TASK DETAILS:
The data must be given again exactly as written, with all images omitted.

RECORDED INFORMATION:
====

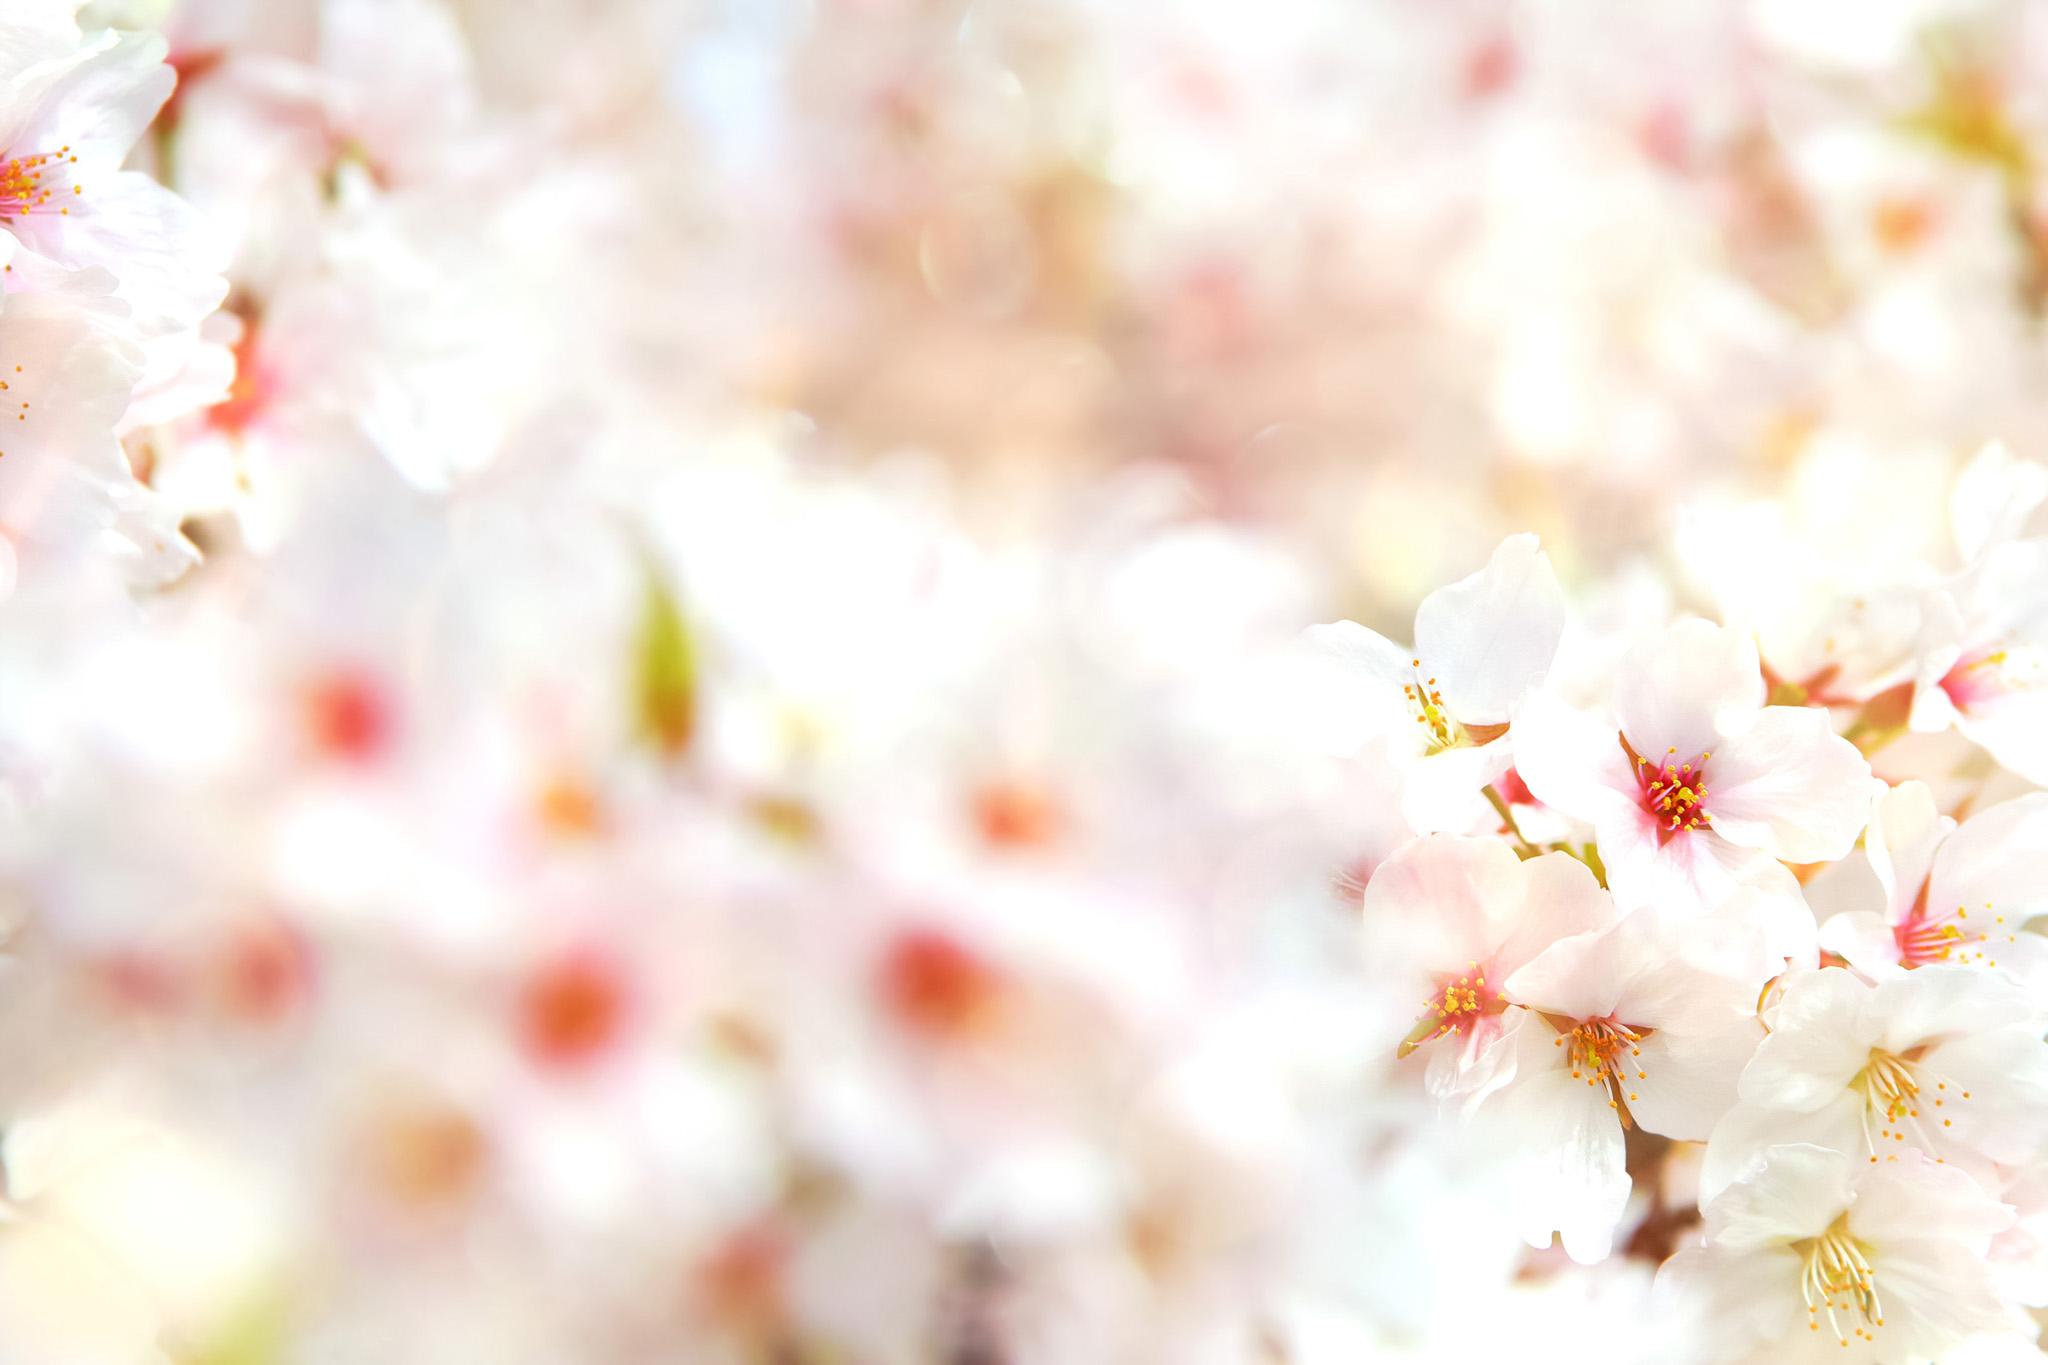 「白い桜の花びら」の背景を無料ダウンロード
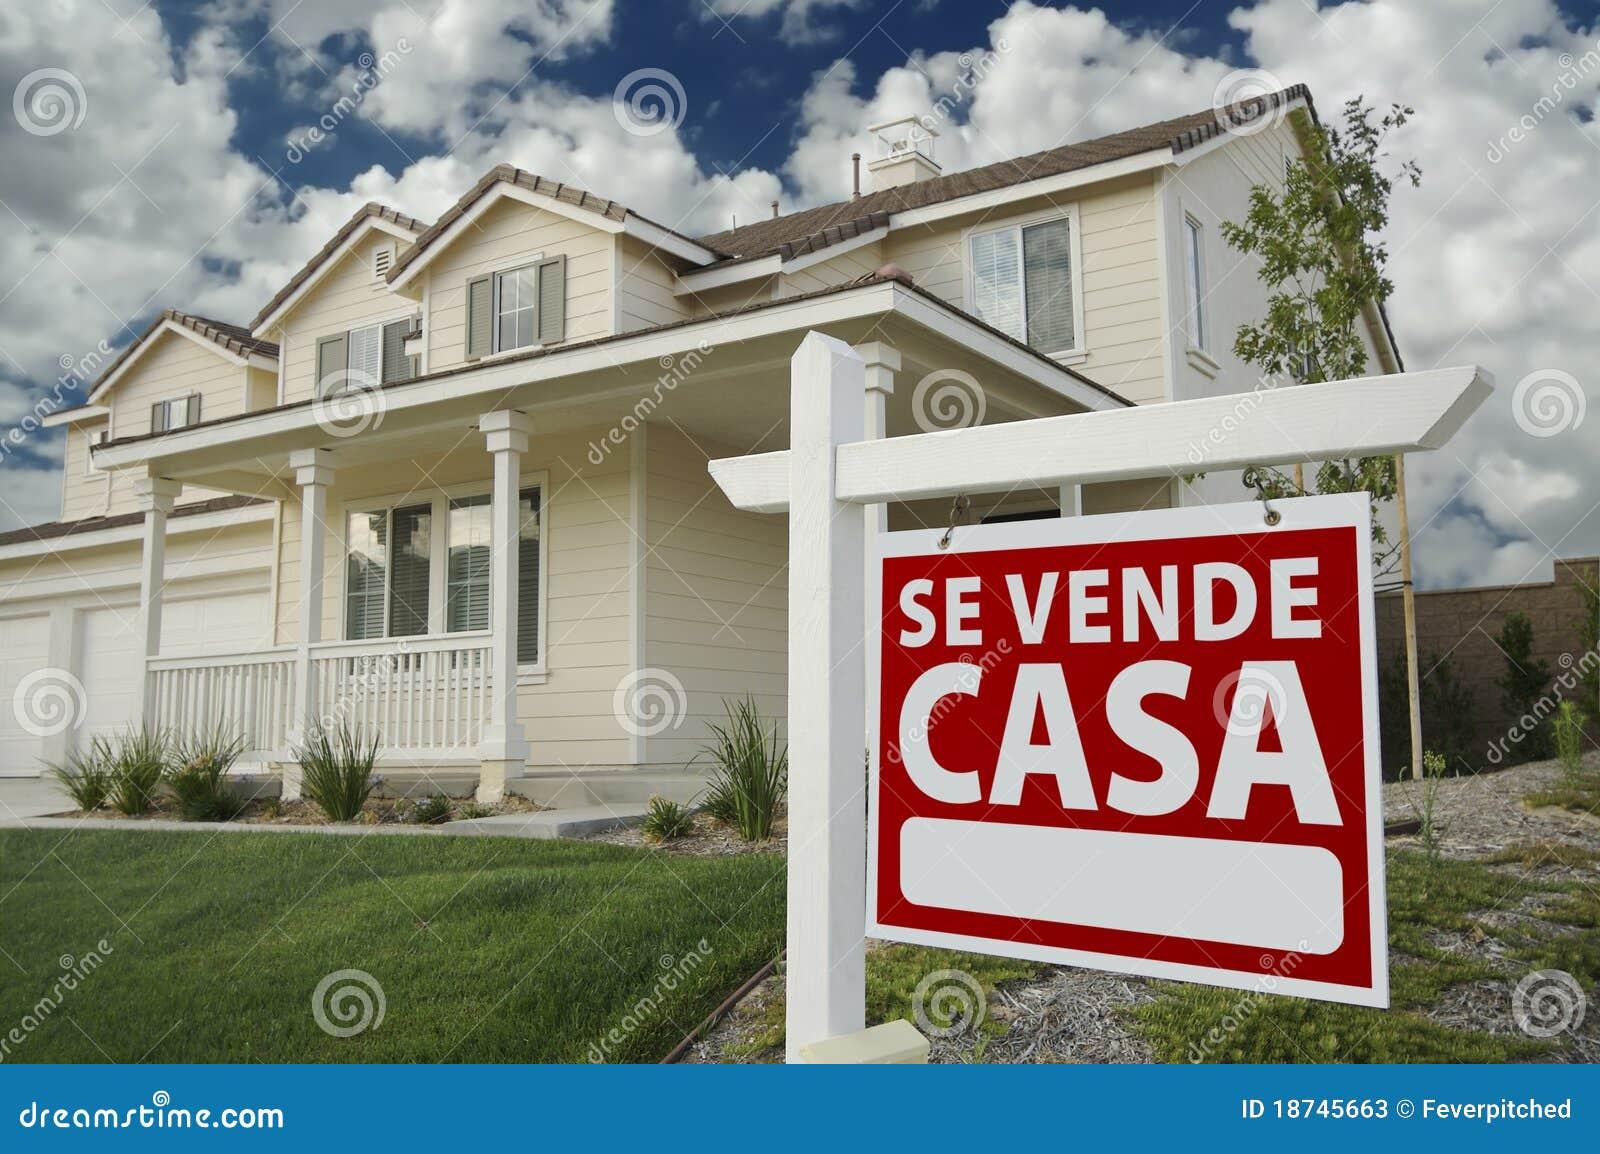 Casa nieruchomości domu reala se szyldowy hiszpański vende
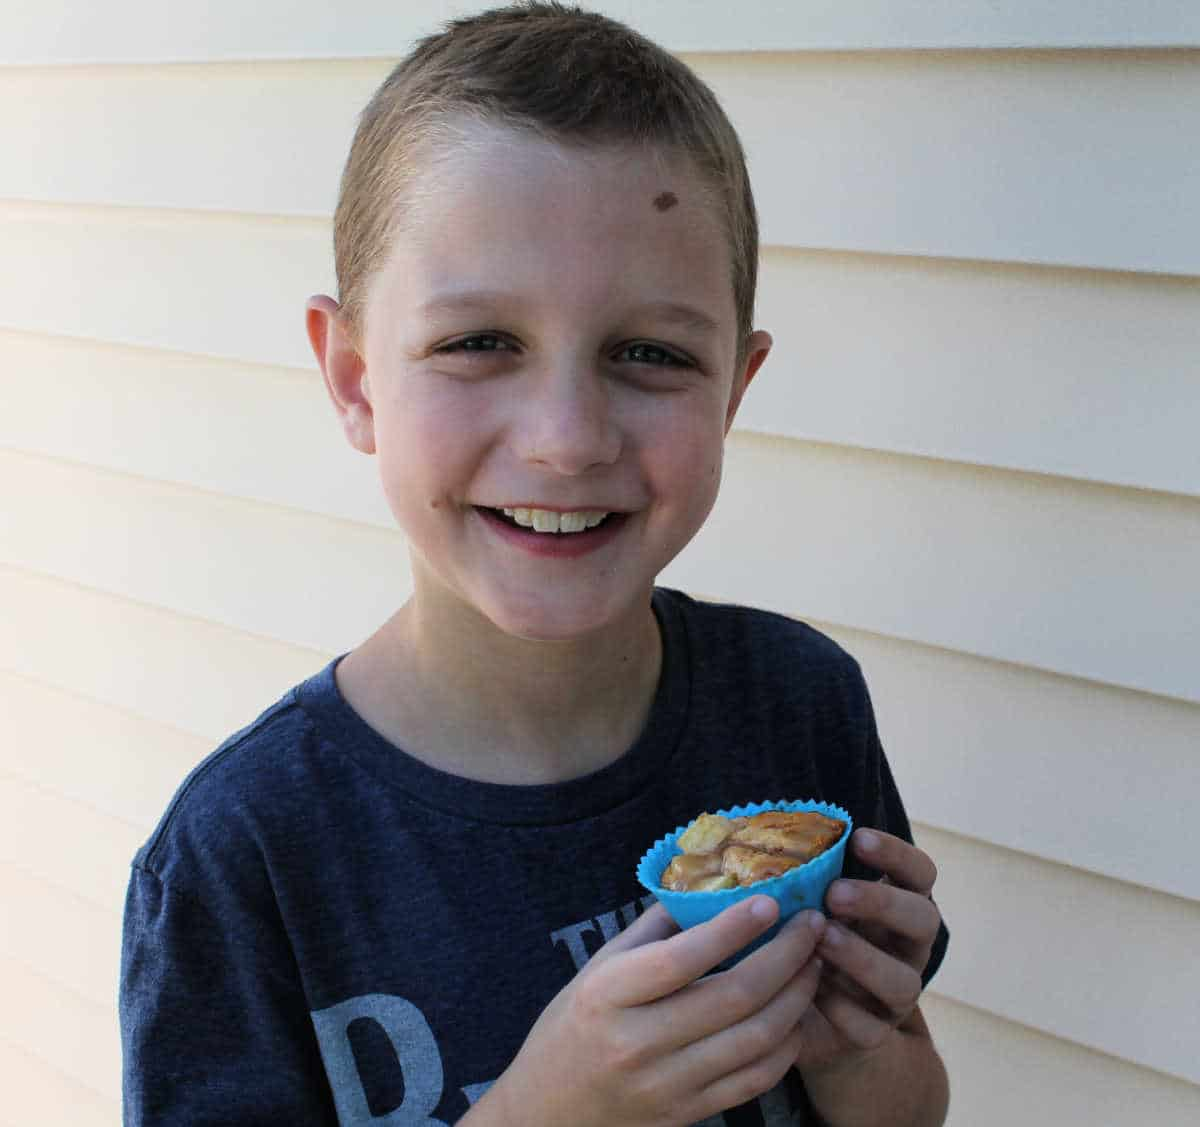 a boy holding an apple cupcake
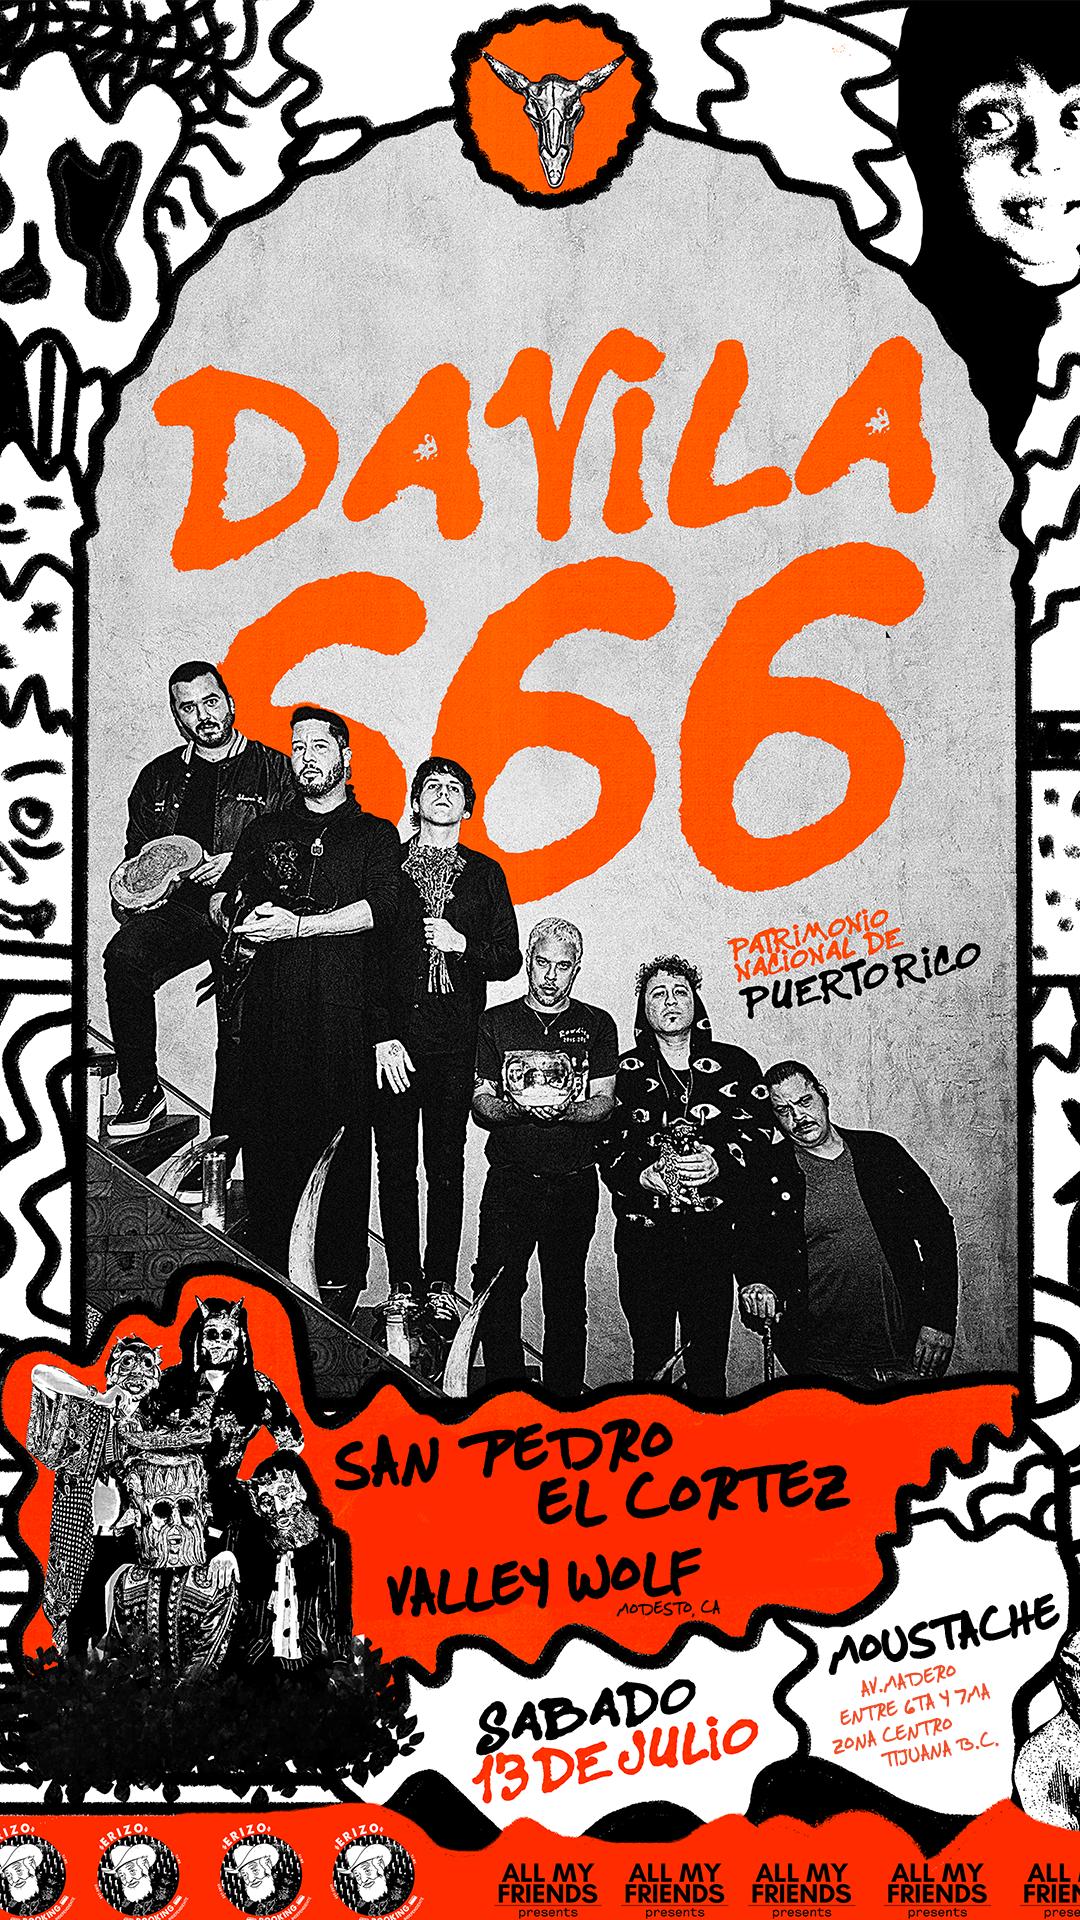 DAVILA666

====

EXPECTED ANSWER:
 「白い桜の花びら」の背景を無料ダウンロード
 Casa nieruchomości domu reala se szyldowy hiszpański vende
 a boy holding an apple cupcake
 DAVILA666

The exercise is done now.